7 Easy Ways for Improving Your Data Science Workflow

Tips I have learnt from working as a Data Scientist

It is not easy to ace your data science game, but there are definitely ways we can always improve the way we practise data science. In this blog, we are going to talk about 7 easy ways that can quickly improve your data science workflow. These are tips that I have learnt the hard way after I have left Uni. Hopefully, this can help you organise your environment, code better, and find a more suitable stack for your data science projects!
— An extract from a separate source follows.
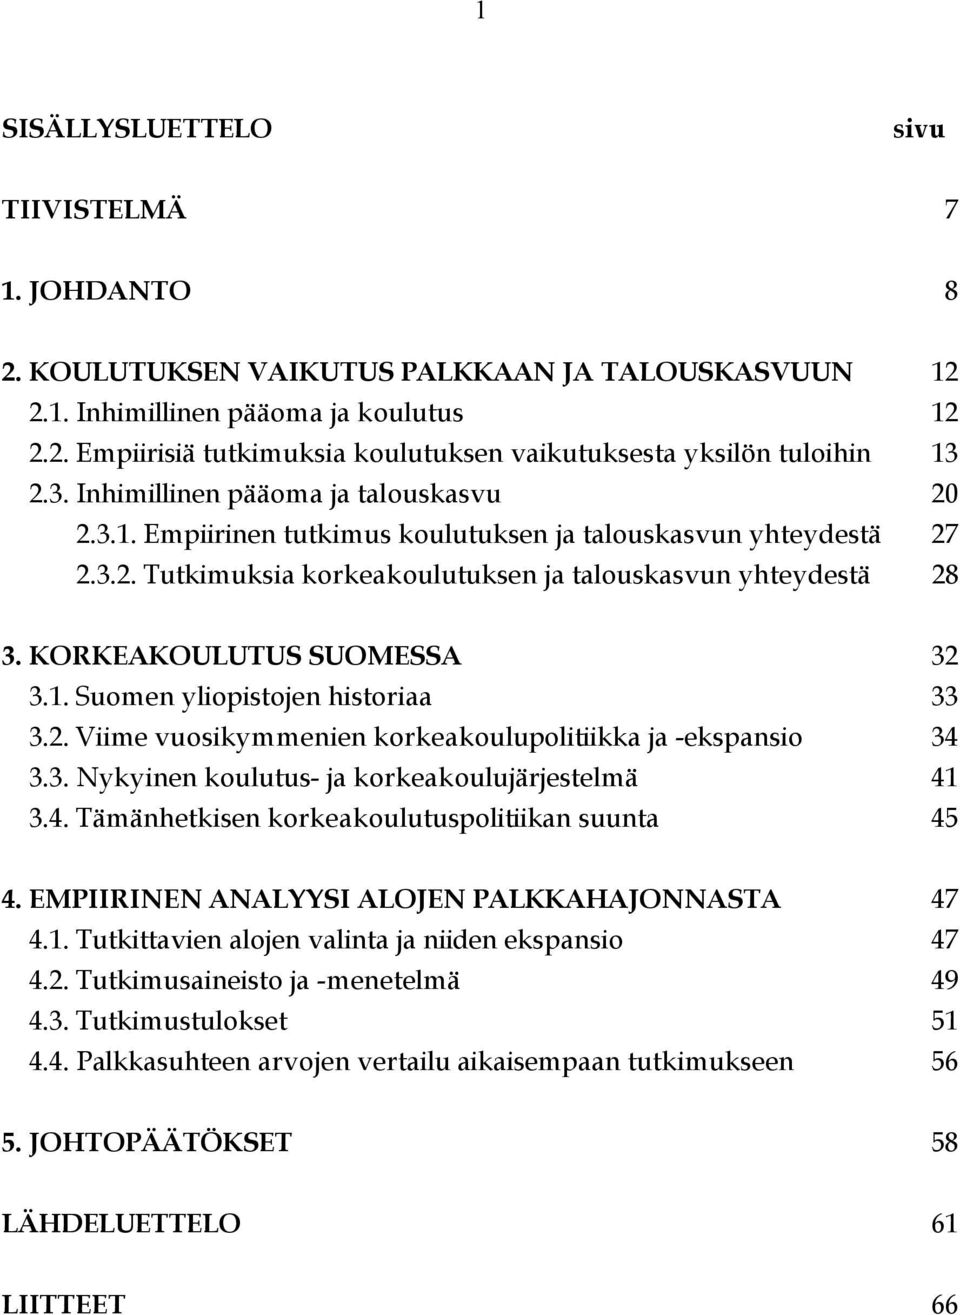 KORKEAKOULUTUS SUOMESSA 32 3.1. Suomen yliopistojen historiaa 33 3.2. Viime vuosikymmenien korkeakoulupolitiikka ja -ekspansio 34 3.3. Nykyinen koulutus- ja korkeakoulujärjestelmä 41 3.4. Tämänhetkisen korkeakoulutuspolitiikan suunta 45 4.

1. Organise your project directory

Nothing is worse than having a messy folder with Untitled.ipynb up to Untitled9999.ipynb, data csv scattered everywhere in the folder, and a bunch of cache like .ipynb_checkpoints. A good first step to setting up your project folder would immensely smoother your daily workflow. Some common tools that help set up an organised folder are:

Cookiecutter: A Python package that helps you set up a standard folder directory. Check here for a cookiecutter-inspired plugin that is directly accessible from your Jupyter development environment.
Miniconda: A barebones version of Anaconda. If you do not need the GUI or the other applications that come with the Anaconda launcher, Miniconda is the way to go.
requirements.txt or environment.yml: This helps recreate the development environment in no time
.gitignore file: This helps keep your git repository clean and uncluttered by ignoring files that do not need to be pushed to your repo. e.g. temporary files, notebook checkpoints, venv folder etc.

More on this topic here:

Essential Jupyter Extension for Data Science Set Up

A custom Jupyter extension that helps organise your project folders

towardsdatascience.com

2. Clean up your Python Environment

Most of the data science medium blog post would tell you, create a virtual environment for your project, but rarely do they tell you the important to keeping it clean. Often when you create your development environment, there will be a bunch of IPython related packages installed which are not required for the production environment. To make your workflow smoother, you can either:

Multiple requirements.txt or enviornment.yml: Having separate configuration for dev and prod may be useful, but you would need to update both when you add in new packages
pipreqs: A Python package that cleans up your production requirements.txt by keeping only the packages that your code imports by running pipreqs /path/to/your/project/folder.
pipdeptree: A Python package that helps you understand the dependencies of your Python environment by running pipdeptree where you have your requirements.txt.

More on this topic here:

Better Python dependency while packaging your project

I have been cooking this blog topic idea for a long time. I did a lot of searching, reading and trying while working on…

medium.com

3. Make better use of Python’s Standard Libraries

Do not reinvent the wheel! More than often when you feel like there are some clunky code that you need to code, you are recreating some built-in functions that Python provides.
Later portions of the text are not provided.